What Will You Do?
Greetings KerygmaWorld! As I sit in my office writing to you, I am periodically glancing at these two annoying stink bugs who have taken up residence on the inside of the screen of my closed window. I hate those ugly little bugs, but they gross me out so much that I can't bring myself to even look at them much less try to remove them. When the first one appeared, I avoided dealing with it hoping that it would go away. Then the next day when I entered my office, I noticed that the first one invited a friend. Now they just sit there, alive but neither one moving from the spot where they have become comfortable.
Recently while a friend and I updated one another on the highs and lows of where we now find ourselves, she pointed out the fact that she felt like her conversation has not changed at all in the past year. She felt she was still voicing the same concerns and raising the same questions about her life that she did a year ago. I thought about it and somewhat agreed with that observation concerning my own life. I remember saying to my big sister in January that I felt like I was standing still and that I hoped not to be having the same conversation this time next year. Yet there I was, days before the November 1st, having a very similar conversation. By the time I hung up the phone with my friend, I decided that more than "hoping", I would not be having this same conversation come January 2010.
We are now in the last two months of 2009. Very soon we will become enthralled in the madness of the holiday season- deciding who's spending which holiday where, buying gifts, and decorating our homes. As tempting as it to write off the rest of 2009, ride it out until New Year, and commit to a whole new list of resolutions, there is still time this year to make changes that are significant and meaningful. Some of you may feel as I do, that there are just so many things beyond your control. I can't immediately change my finances or available resources. I can't snap my fingers and all of a sudden have years of experience in the thing that I think I might like to do. That might very well be true, but we can all do the things that we know to do. For each of us those things may be different, but I'd like to share with you what those things are for me in these last two months of 2009:
Becoming more intentional- It took the recent dissolution of a professional and ministry relationship for me to realize that I had been waiting for permission to "be." I had been waiting for something outside of myself to create and opportunities for me to operate in my gifts. The absence of this relationship forced me into a place of having to reinvent myself and decide for myself how and when I will operate in and present my gifts. Marcia Wieder says that intention means, among other things, to direct the mind. She goes on to say, "lacking intention, we sometimes stray without meaning or direction. But with it, all the forces of the universe can align to make even the most impossible, possible." In the past I waited for "something" to happen, but in these last two months of the year my plan is to become more intentional with my actions and energy, targeting both in the direction of making things happen for myself. I want to be an active participant in co-creating with God the life I that is intended for me.
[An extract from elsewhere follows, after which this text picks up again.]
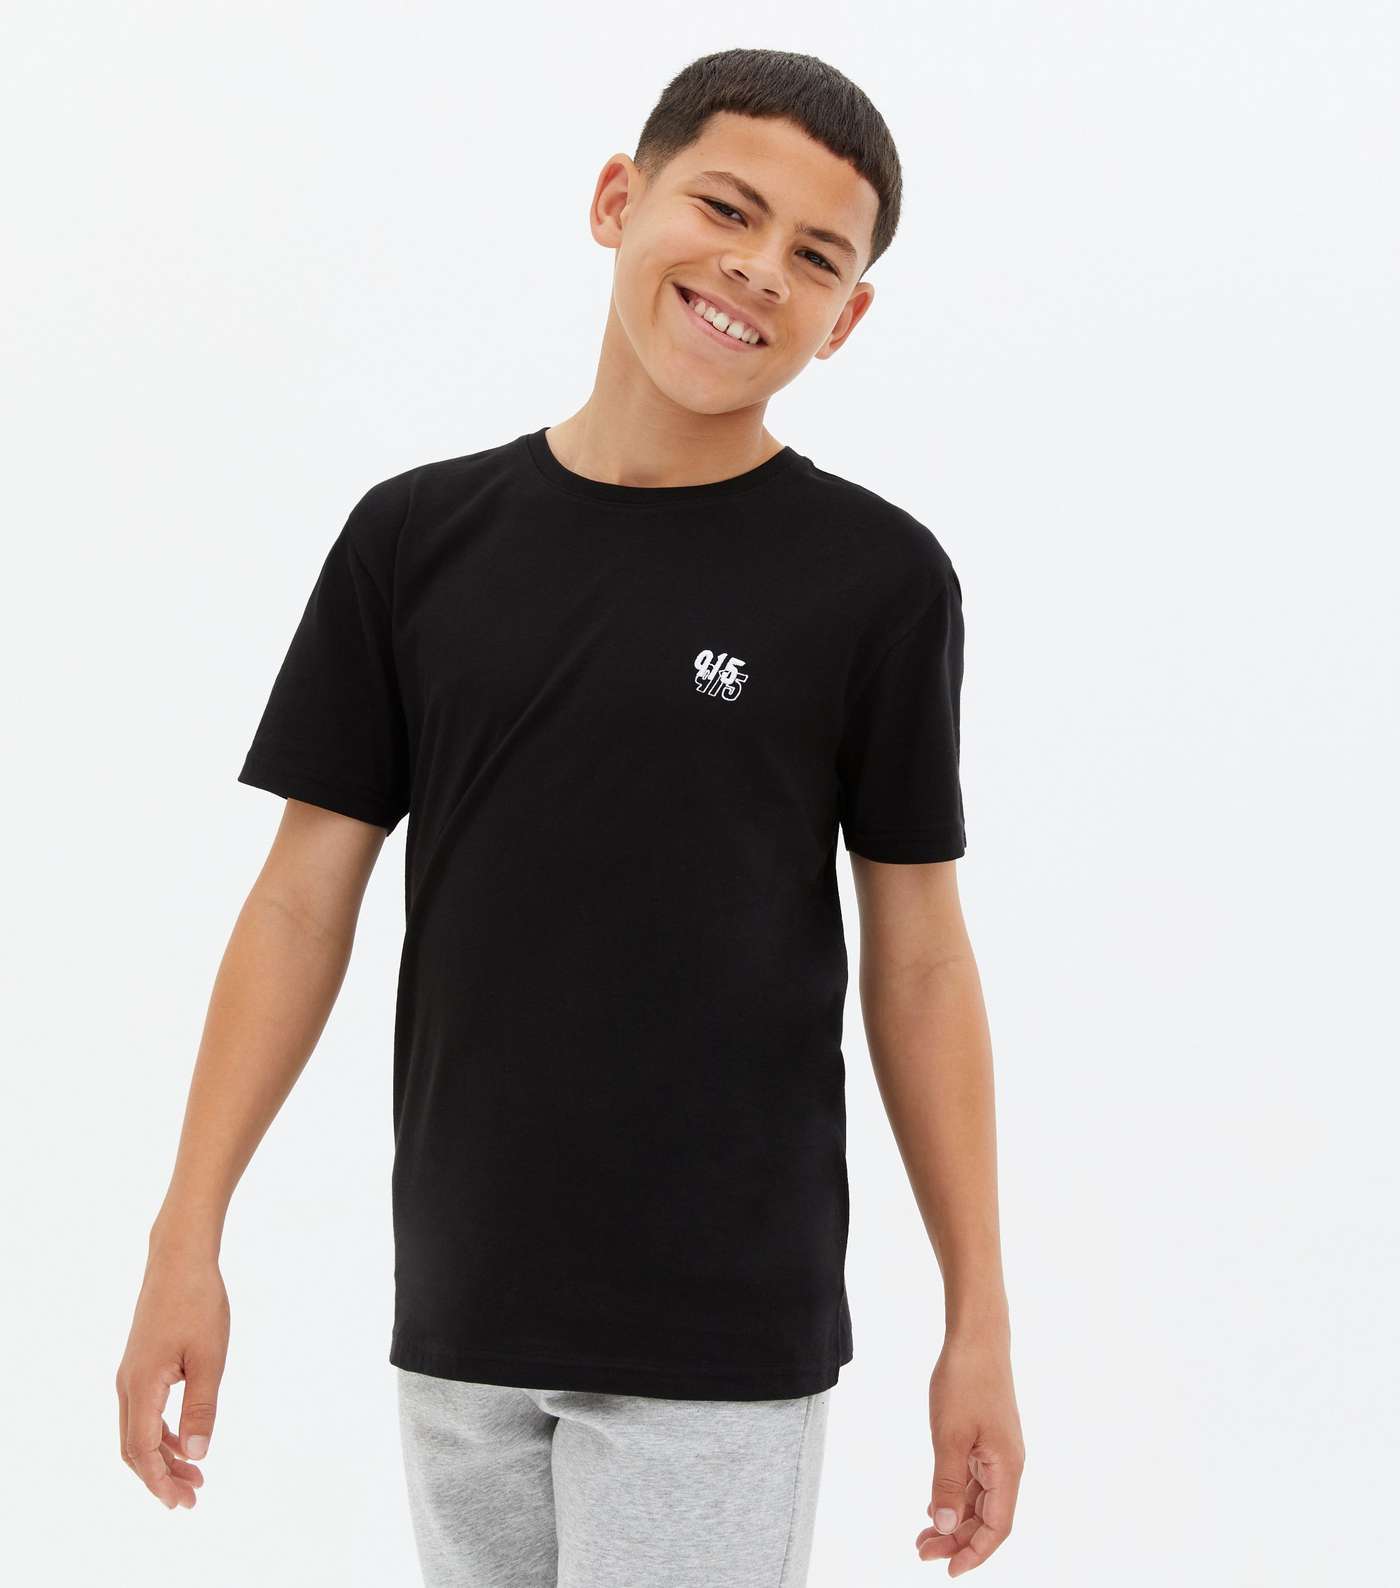 Boys Black 915 Embroidered T-Shirt Image 3
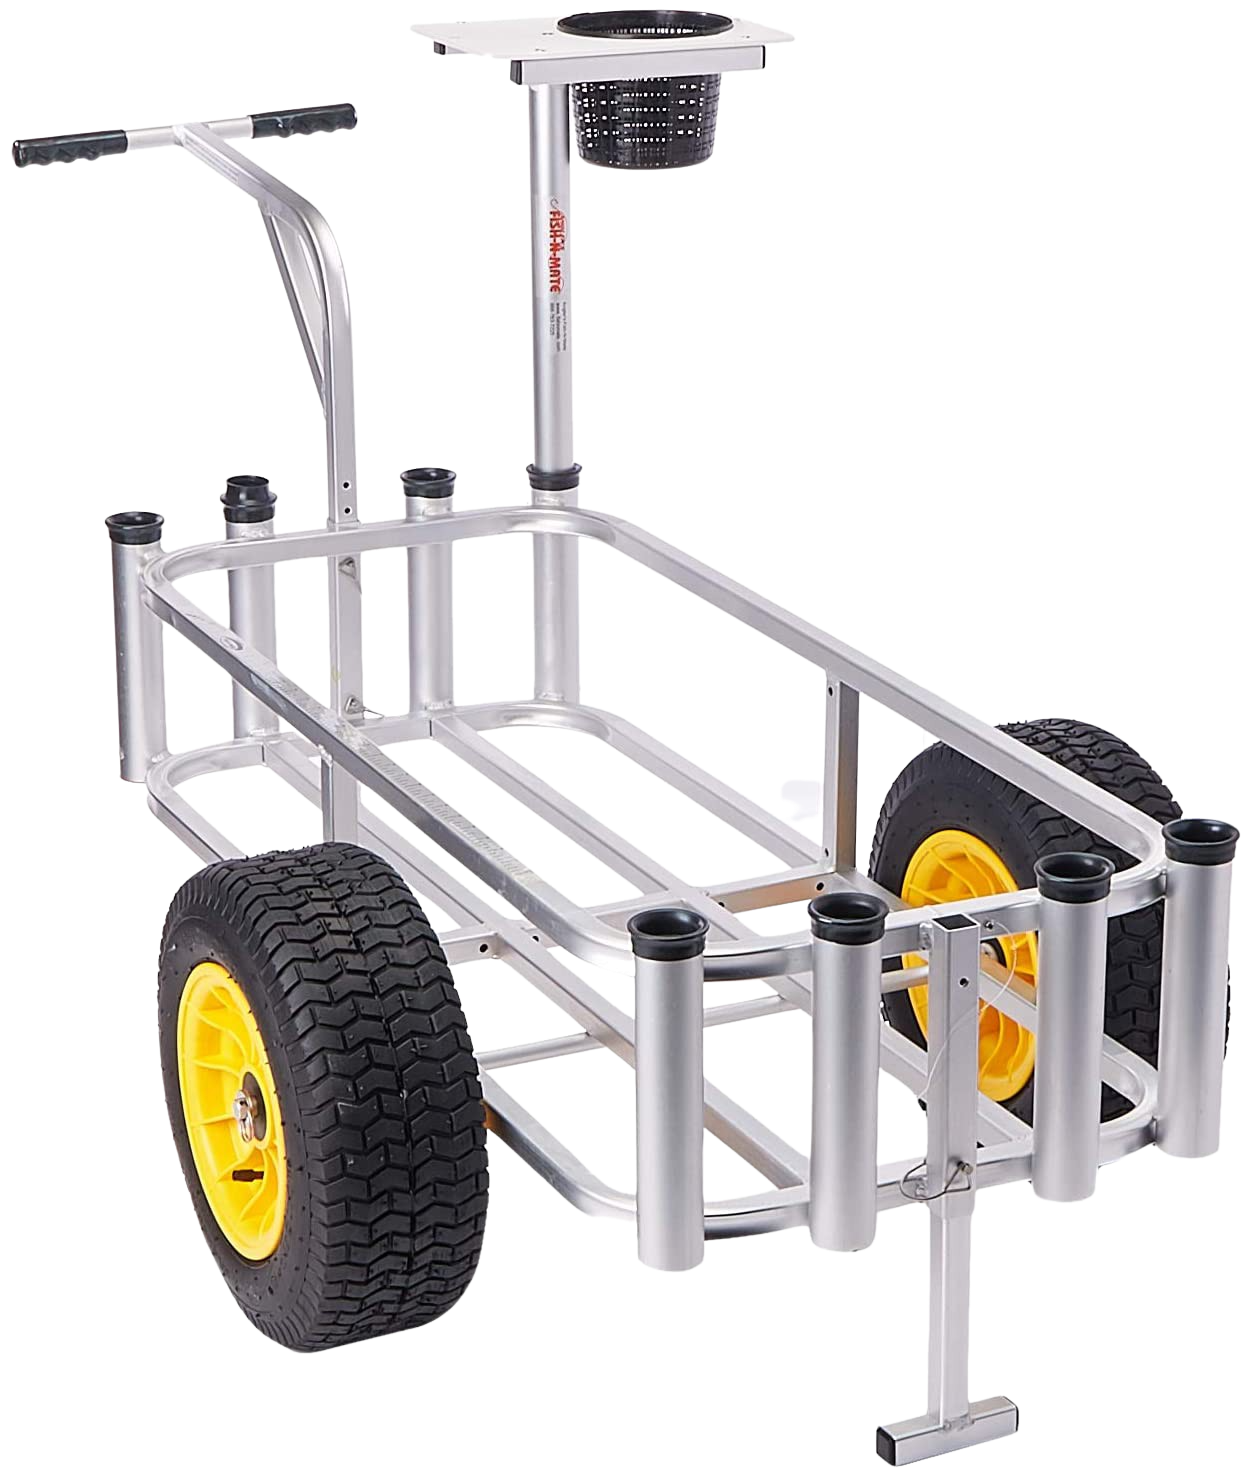 Angler's Fish-N-Mate 143 Pier Cart with Cutting Board and Bait

Believing my dreams with certainty- Luke 1:45 says Blessed is she that believed: for there will be a performance of those things told her from the Lord. This text is taken from the Advent story where the coming of the long-awaited Messiah is announced. I love Advent season (this year, November 29th through December 24th) because I usually find myself in my own season of expectancy. Two years ago this time, Damon and I were praying our way into our new home which we moved into right before Christmas. I remember that time being filled with fear and doubt, yet I was determined to walk in faith and believe that God would keep his promises concerning this house. God did, and here I sit today pursuing my dreams for
KerygmaWord. It's easy to lose sight of that while facing so many challenges that don't seem to budge. Nevertheless, for the next two months I am determined to walk in faith, believing that every promise God has made will come to pass and operating accordingly. This includes framing my thoughts, my words, and my actions in ways that are in agreement with what God has spoken to me.
Acknowledging what has already been accomplished- Three years ago I told a friend that one of my dreams is to launch a magazine for and about women. This was long before I conceived of KerygmaWord which has now become a platform by which I use my voice and the voices of other amazing individuals to impact lives and effect change in the world. While KerygmaWord is by no means what I envisioned at that particular moment, it is God's manifestation of that seed planted in my heart so long ago. It is in many ways far more than what I could have conceived at the time because it draws on many of the things I am passionate about- creative use of technology, diverse and inspiring voices, writing as a creative art form, and women as change-makers. In my dissatisfaction with other areas of my life, I almost missed this. I almost missed the fact that God has allowed me to become established as a preacher who travels and ministers both the young and grown alike. I almost didn't see that in ending one association, God has given me a wider platform for ministry without limitations. I almost overlooked the fact that God has established my reputation as a solid preacher, a gifted teacher, and a woman of integrity. These are important gifts that give me the tools and the courage to move forward in the direction of my purpose.
This is specifically how I plan to face and move in each and every day of the last two months of 2009. I am also happy to share that after days of hanging out in the same place, those two stink bugs are finally on the move (one has even disappeared). Maybe they too got tired of sitting in the same place and decided to find their way out of whatever had them feeling trapped. Or maybe they heard my words and thoughts, and became inspired to go off in search of their stink bug destiny. With the time you have left in 2009, what will you do to move closer towards making your life what you want it to be? Will you wait passively for life to shift in a more agreeable direction or will you become an active participant in the creation of the life you were intended to live?